Each Reno Arch is a product of its time, and like any building, artifact, or cultural product, it derives deeper meaning from the way we interpret it to the world. Does the current arch symbolize everything that Reno is today? Of course not. But why should we ask it to, when we have so many other tools at our disposal to accomplish that?

Rather, we need to recognize that as Reno reinvents itself, our city’s rich heritage is one of its most valuable assets. There is no place like it. And its incomparable story, embedded in the landscape in ways we have only begun to tap into, is a key component of the city’s multi-dimensional, excitingly complex, absolutely unique identity.

This Reno Arch, in its historic spot at Virginia Street and Commercial Row, is an iconic part of that story. Outdated? No. It is masterfully, flamboyantly, beautifully outrageous, an assertion of Reno’s abundant civic pride and boundless delight in celebrating itself. And what could be more timeless than that?

The Top Five Moments for Historic Reno in 2014

As Reno’s revitalization continues to gain momentum, our city’s rich heritage is emerging as one of its most valuable assets. From digital projects to the renovation and repurposing of key historic properties, the year 2014 was marked by an increasing (and exciting!) realization of how our city’s unique past can be an integral, and irreplaceable, component of its continuing reinvention. Here are five of the year’s top stories in Reno’s heritage.

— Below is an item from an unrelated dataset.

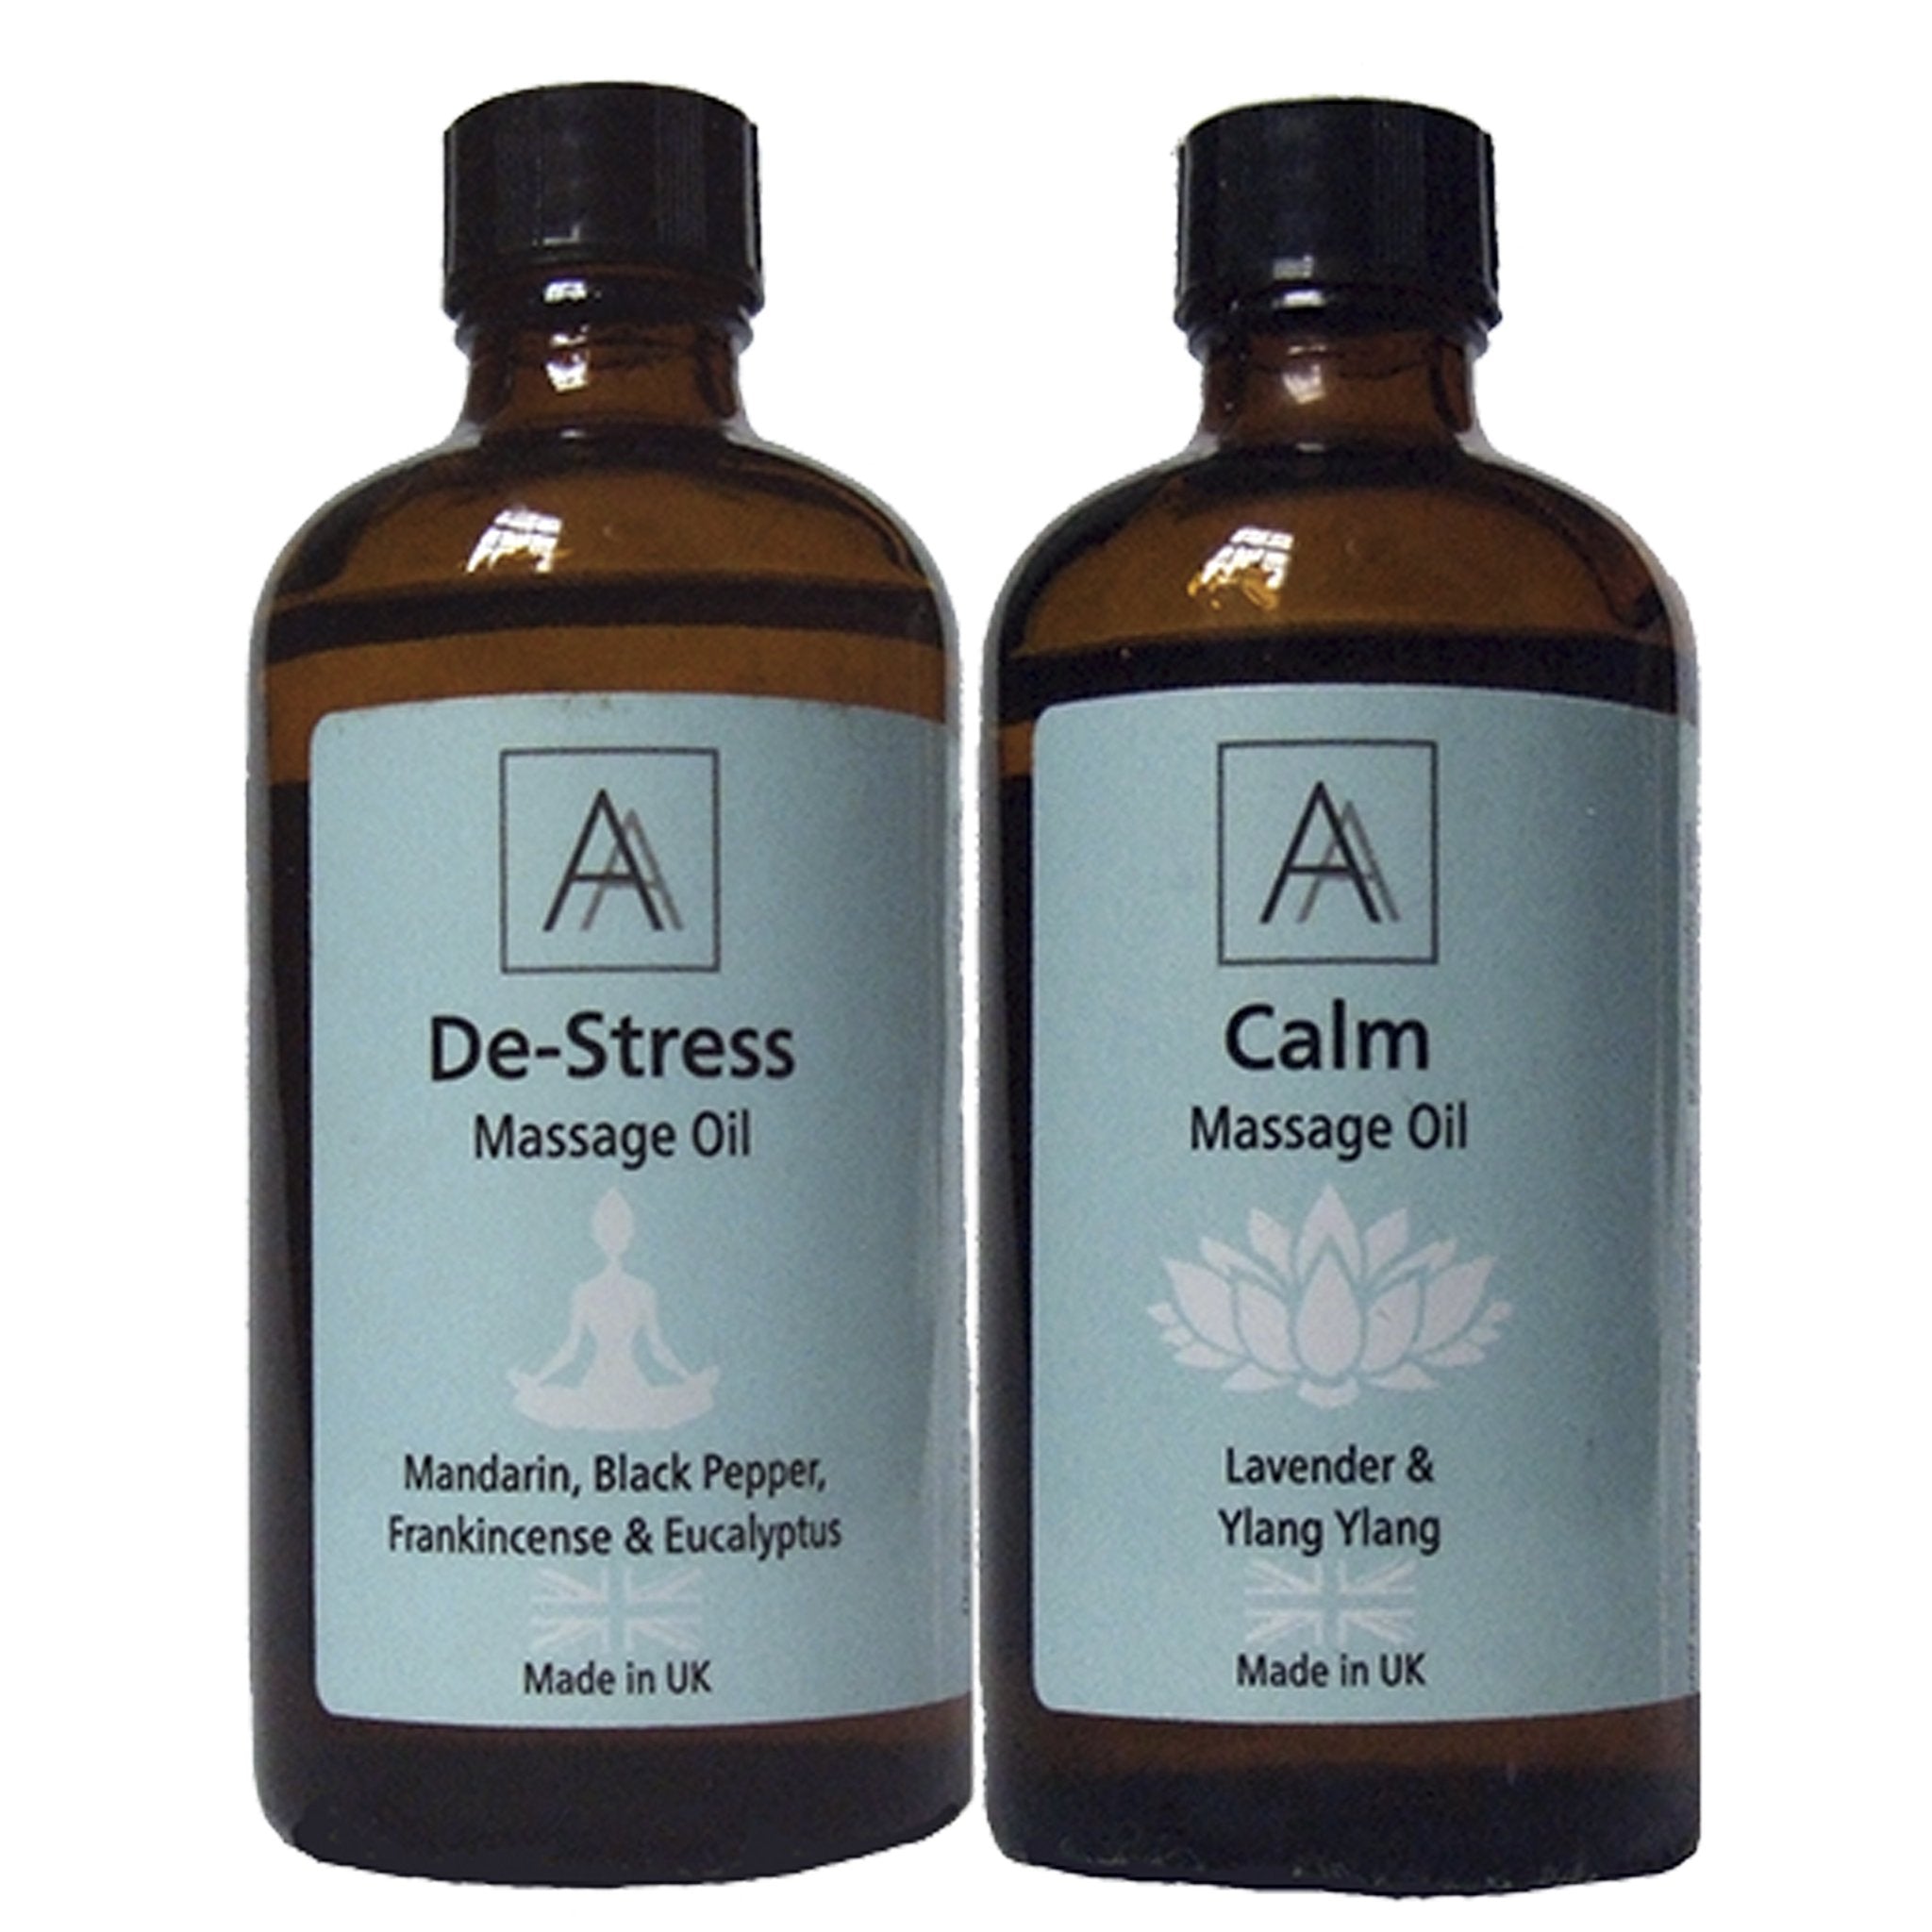 De-stress and Calm Massage Oil's
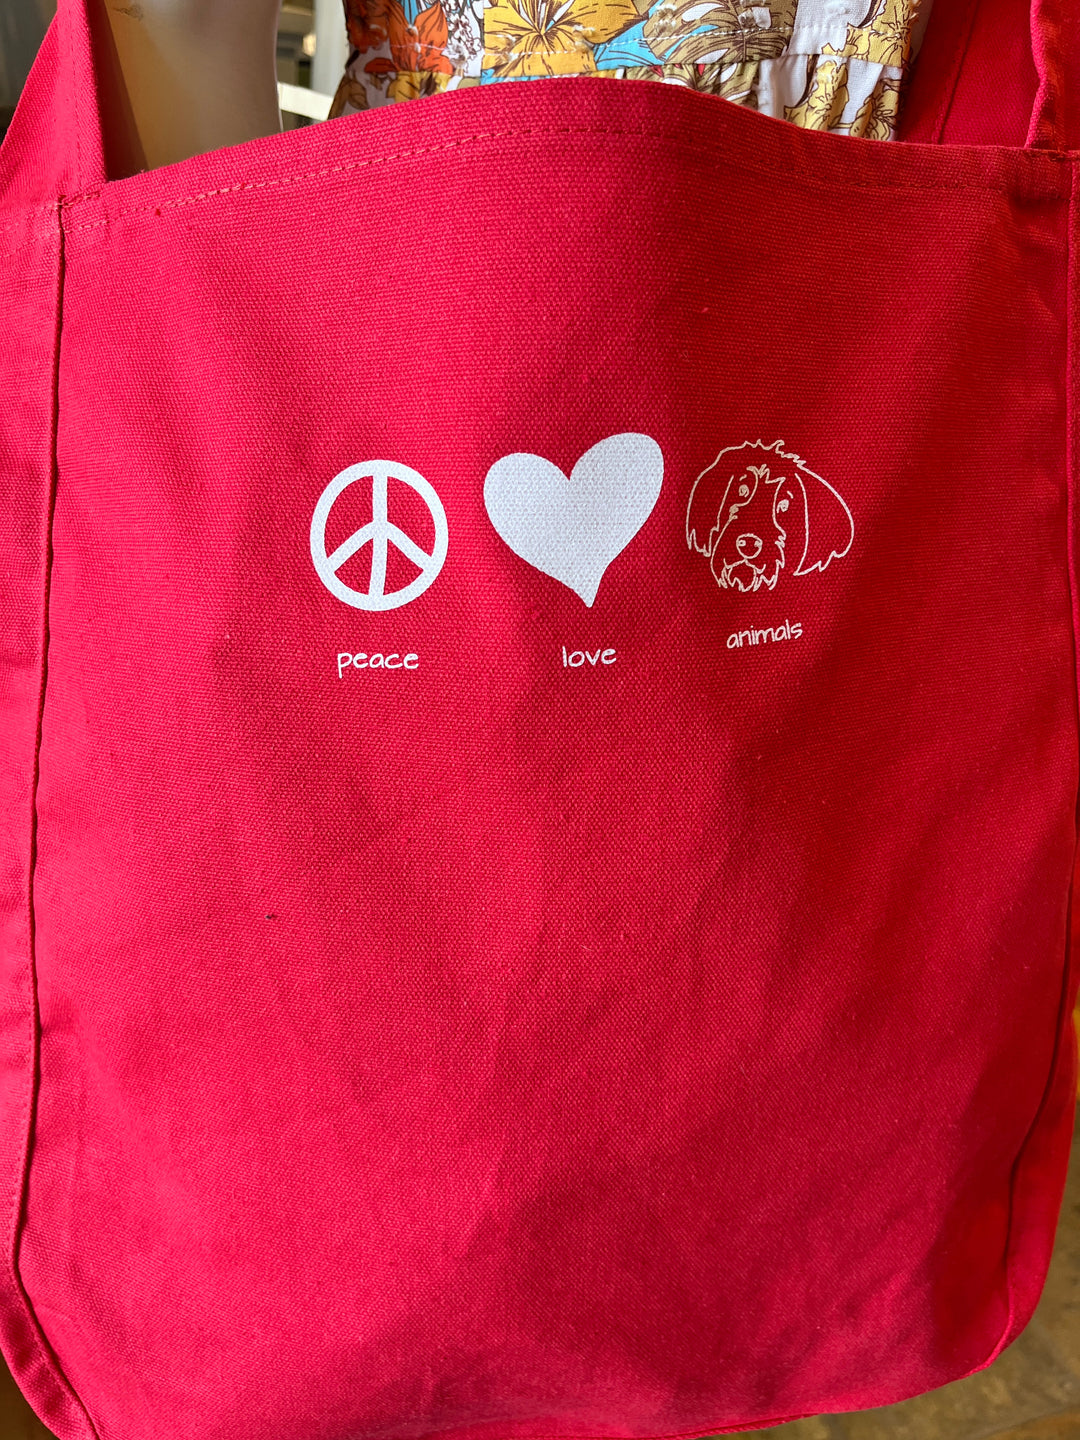 NEW Design! Peace Love Animals Tote Bag

1. The Launch of Reno Historical

On May 9th, the anniversary of Reno’s original land auction in 1868, the new smart phone app and website Reno Historical launched. The map-based multimedia platform, a collaborative effort by most of Reno’s history-related organizations, allows users to explore Reno’s heritage through stories, images, audio, and video clips. The project continues to expand, with the regular addition of new locations and multimedia components. Look for the addition of historic sites throughout Midtown and the Wells Avenue district in 2015.

2. The opening of Heritage restaurant

While not housed in a historic building (by most standards, anyway), Mark Estee’s Heritage restaurant, which opened in May, was significant to Reno’s heritage for a number of reasons not limited to the establishment’s name. Located in the Whitney Peak Hotel, the old Fitzgerald’s casino building, the restaurant champions the city’s history in everything from the menu’s inspiration to the wait staff’s denim uniforms (a nod to the 1871 invention just a block away of Levi’s riveted jeans). Additionally, the establishment of a non-gaming hotel in the heart of the city’s casino core bodes well for the return of the city center to a more diverse array of businesses and attractions for both tourists and residents.

3. Historic UNR Dorms Saved from the Wrecking Ball

Citing seismic concerns, a press release issued by the University of Nevada, Reno on May 29th indicated that two of the university’s historic dormitories, Lincoln Hall and Manzanita Hall, might be “removed” in whole or part.  Immediate public outcry to save the two 19th century buildings, both listed in the National Register of Historic Places, included a student-led petition, an editorial in the Reno Gazette-Journal, and a flurry of activity on the part of local and state preservation groups. Just weeks later, UNR President Marc Johnson announced that both Lincoln Hall and Manzanita Hall would be preserved.  Bids to design the initial plan to convert Lincoln Hall into office space are due January 15.

4. The Renovation and Reuse of Reno’s Downtown Post Office

Reno’s historic downtown post office closed its doors in December of 2012 after 78 years of operation. Designed by Nevada’s pre-eminent architect, Frederic DeLongchamps, the Art Deco/Art Moderne building was purchased by the Reno Redevelopment Agency and sold to a local development group. Led by local resident Bernie Carter, the building’s new owners worked closely with Nevada’s State Historic Preservation Office and the City of Reno’s Historical Resources Commission to ensure that its renovation would retain the structure’s historical integrity. Renamed Fifty South Virginia, its historic address, the beautifully restored building’s office spaces are now open for lease.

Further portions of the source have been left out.